The Best (and Worst) Funny Fatherhood Jokes 👋

Celebrate the joys (and challenges) of fatherhood with our collection of funny fatherhood jokes! These jokes capture the humor of being a dad, from the sleepless nights to the unforgettable dad moments. Whether you’re a dad yourself or just enjoy the lighter side of fatherhood, our funny fatherhood jokes will have you laughing at the ups and downs of parenting. Explore the best jokes that every dad can relate to!
If you see a crime at an Apple store, are you an iWitness?
What do you call a fibbing cat? A lion.
A couple of hours after Trump approved "offensive" cyber strikes against Iran's missile systems, he is heard shouting at his generals Trump : WHAT DO YOU MEAN WE ARE NOT SENDING THE TROOPS???? General : But..But… sir, this is an attack via cyber space.. Trump : DO YOU THINK I AM THAT STUPID?? WHAT'S THE SPACE FORCE FOR THEN???
RIP to longtime ‘the Price is Right’ host Bob Barker He’s still alive, but he’s 95 years old, and I want my guess to be closest without going over.
- I saw two men beating my mother in law - and you didn’t do anything?- nah, 3 people would be too many
What do you call a mass murderer on a bike? A Cyclepath.
Me and my best friend had an argument yesterday So, I stole his wheelchair because I was angry at him.You'll never guess who came crawling back[Note: I don't mean anyone anything by this. It's just a joke. Please don't get offended]
I knew my mom was pissed when she cursed in a different language. Her sign language was on point.
Today I went for a walk with a beautiful woman Then she noticed me, so we went for a run
Yo mamma so hairy She gotta comb her wrist to see what time it is
Roses are red, violet's are blue When I listen to rock music.

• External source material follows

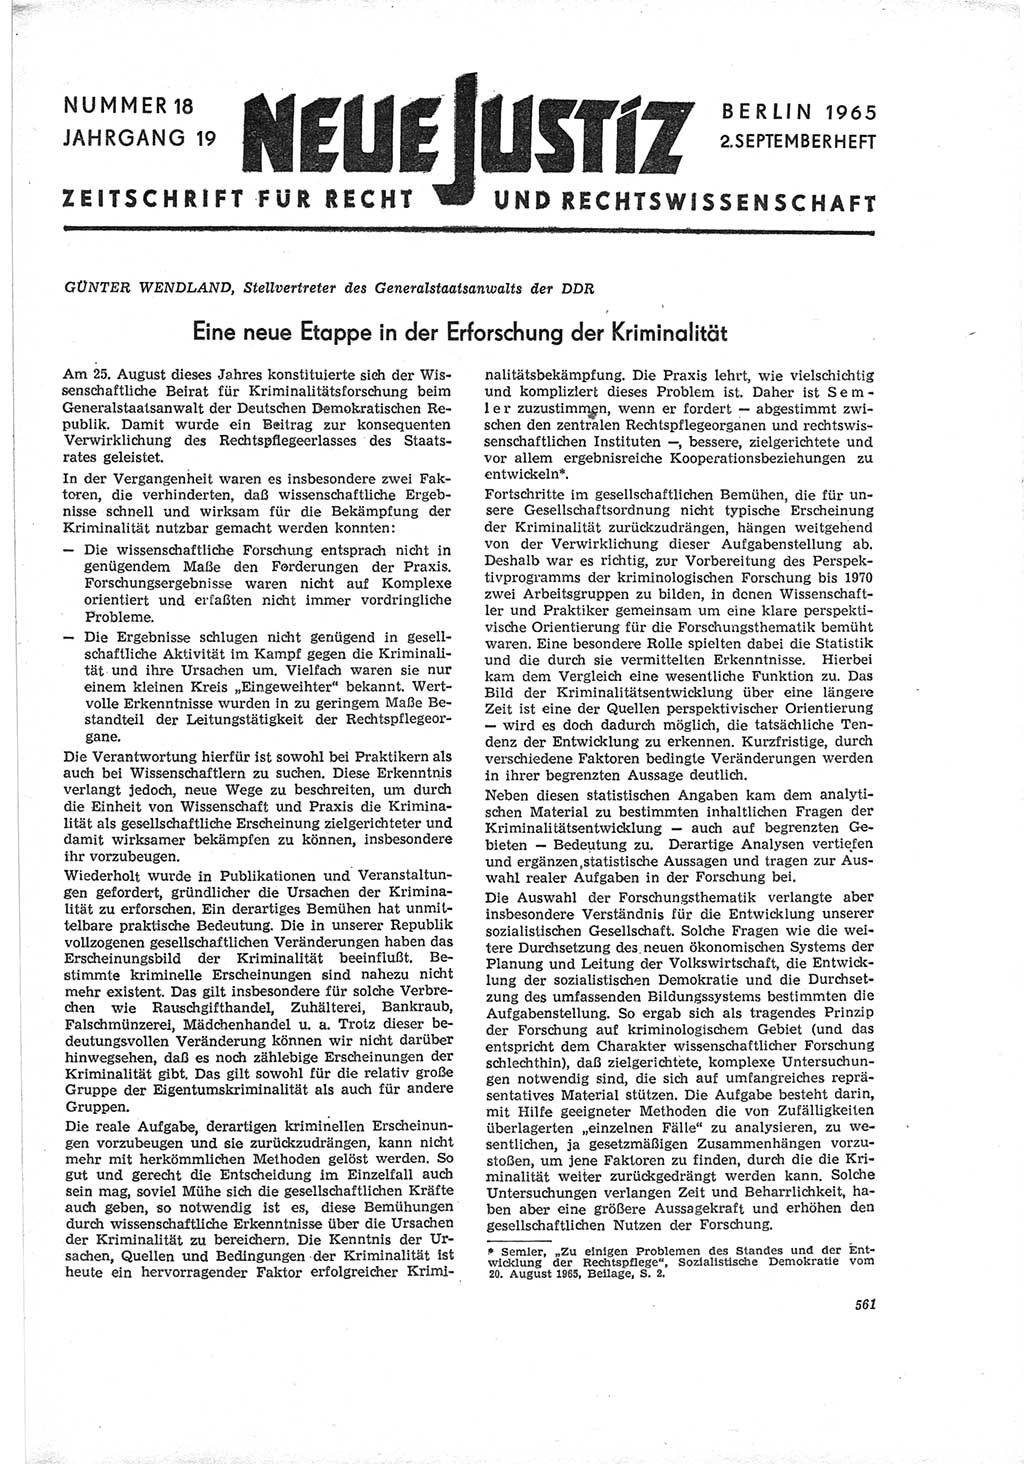 Neue Justiz (NJ), Zeitschrift für Recht und Rechtswissenschaft [Deutsche Demokratische Republik (DDR)], 19. Jahrgang 1965, Seite 561 (NJ DDR 1965, S. 561)

My neighbours do too.
How did a woman on death row pro long her execution? She couldn’t decide what to eat for her final meal
Why did the blonde tip toe near the medicine cabinet? Because she didn't want to wake the sleeping pills.
To the man in the wheel chair who stole my camouflage jacket, You can hide but you cant run.
A poor man, a well off middle class man, and an extremely wealthy man in the 1% find themselves at the same event. The poor man and middle class man run into the wealthy man when they find out there's complimentary donuts and arrive to see him wrapping up 10 of the last 12 donuts and pocketing them As the wealthy man is leaving he walks up to the middle class guy, motions to the poor man and whispers in his ear: "watch out, he's trying to take your donut.